On December 11, President Trump held a Chanukah party at the White House where he signed an executive order combatting anti-Semitism. The New York Times reported that the order defines America’s Jews as sharing a national origin. It doesn’t. So what is a Jew?

The order relates to Title VI of the 1964 Civil Rights Act prohibiting discrimination based on, among other things, national origin. But the order targets not discrimination against Jews but those who call for the delegitimization or destruction of Israel. It also states that federal agencies “shall not diminish or infringe upon any right protected under Federal law or under the First Amendment.” Confusing.

There should be no confusion that Jews are not defined by country of national origin. Many American Jews were born overseas. Most were born in the U.S.A. So what is a Jew?

To many Christians, a Jew is an adherent of the Jewish religion. But Judaism defines only part of the Jewish world. Most American Jews maintain no synagogue affiliation yet still identify as Jews.
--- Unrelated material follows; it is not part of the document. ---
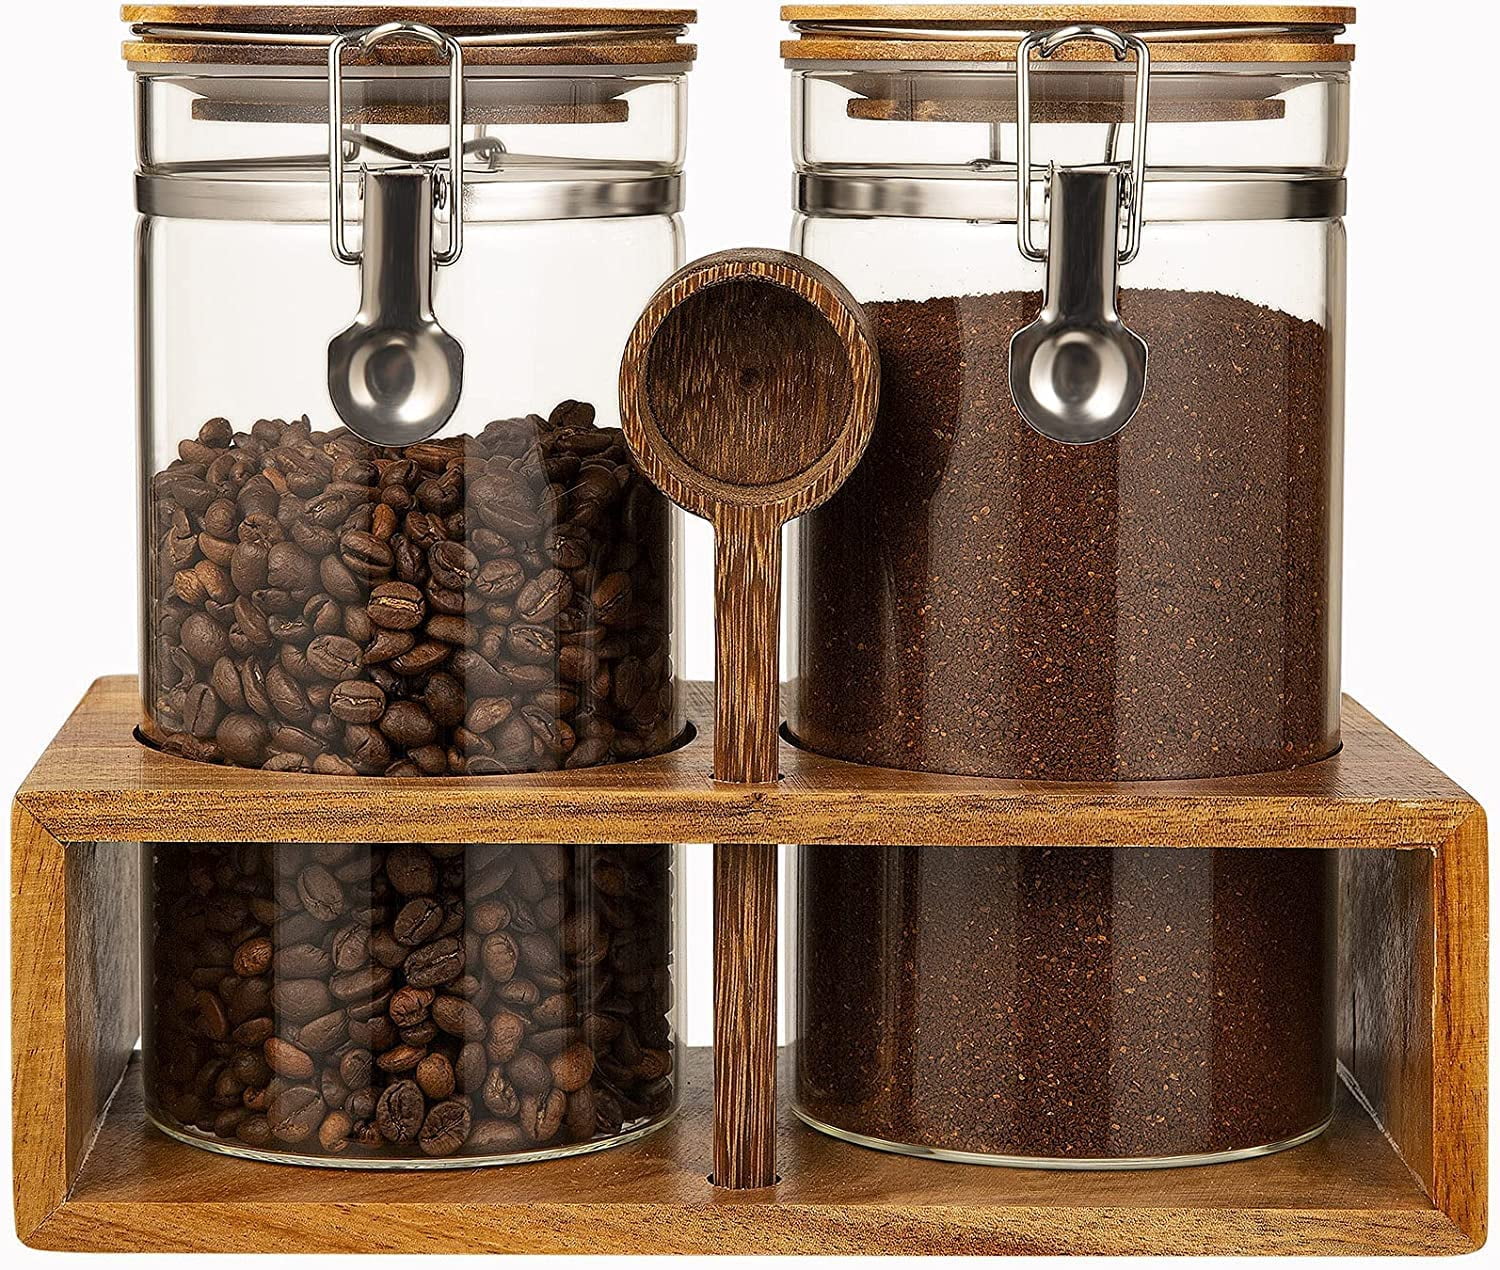 Glass Coffee Containers with Shelf Printed Coffee Bar- 2 Pcs 49oz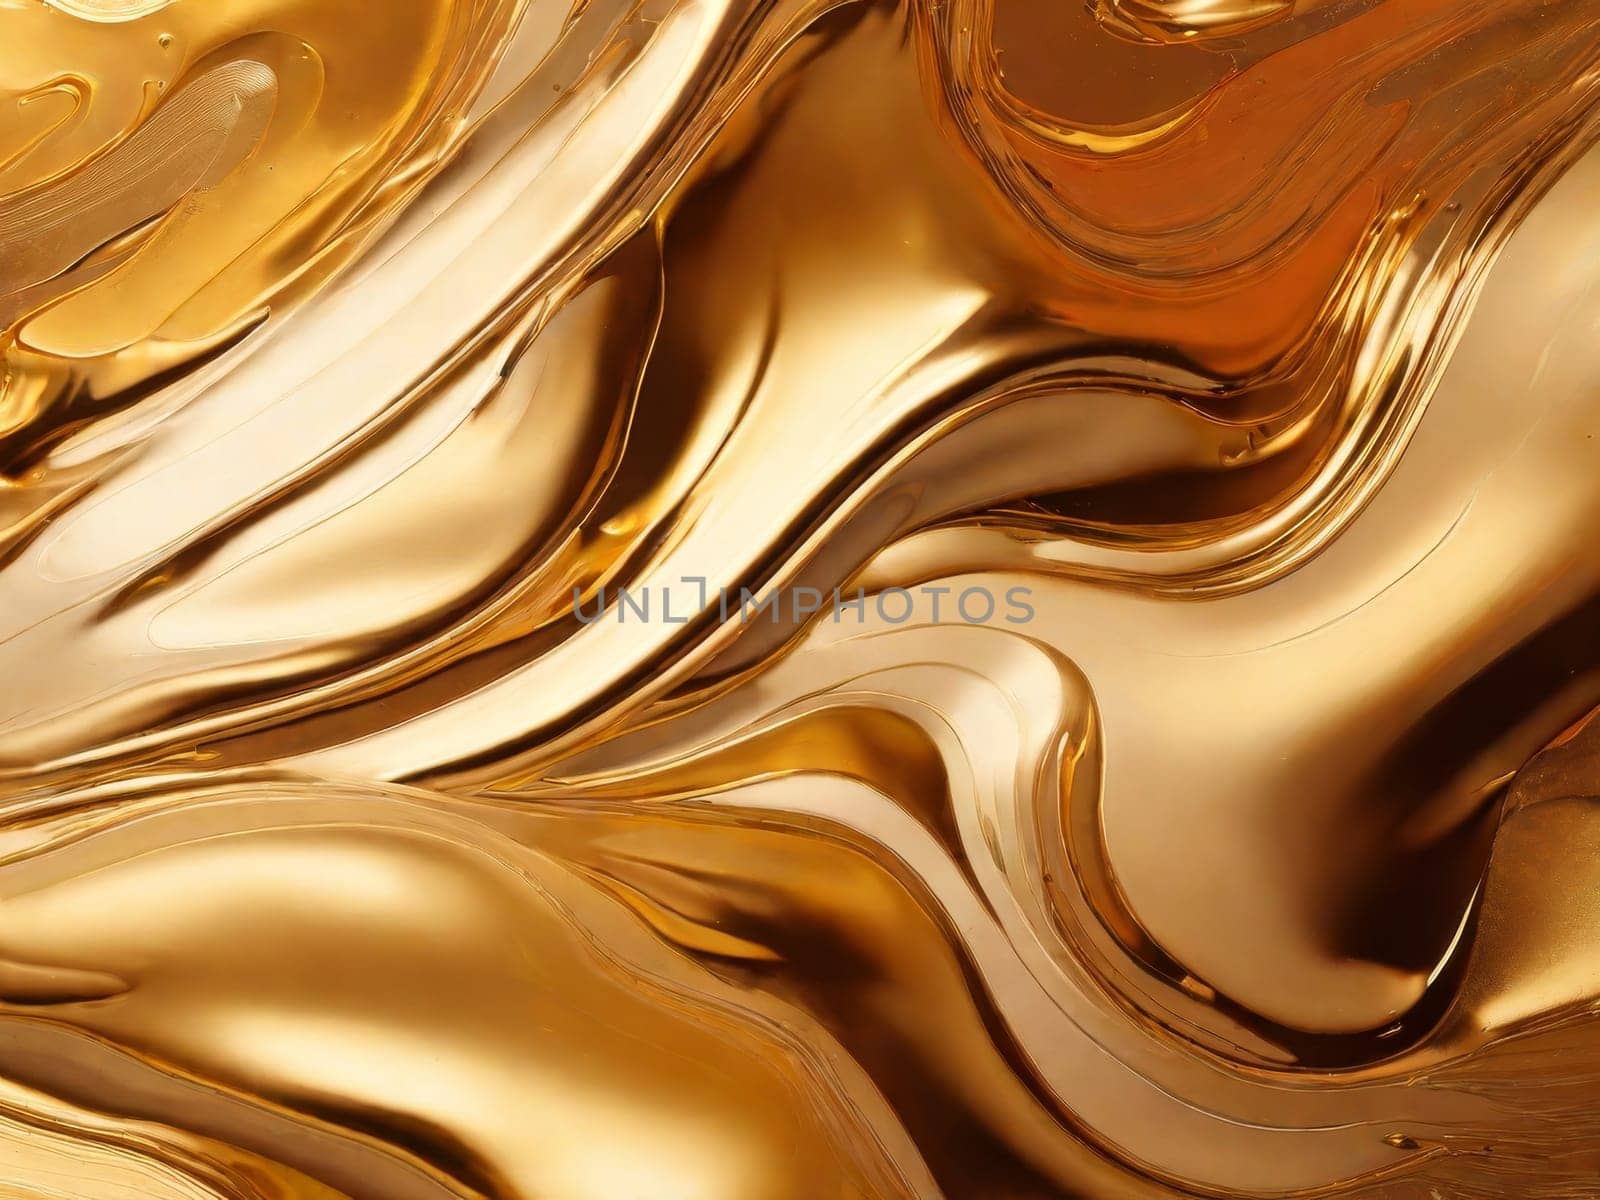 Painted background. Abstract emotional art. Modern design element. Golden liquid acrylic paints.

Jews are a people. We’re joined not only by religion but any combination of secular factors such as family descent; shared history; use—even limited—of Hebrew, Yiddish, Ladino or Jewish Arabic; Israel; humor; education and attitudes; and to no small extent food.

Jews do not constitute a race. For over 2,000 years, Judaism identified anyone born of a Jewish mother as a Jew. Four decades ago, the Reform movement accorded Jewish identity to children of non-Jewish mothers but Jewish fathers if the children received a Jewish education. In either case, the “other” parent can be of any ethnicity.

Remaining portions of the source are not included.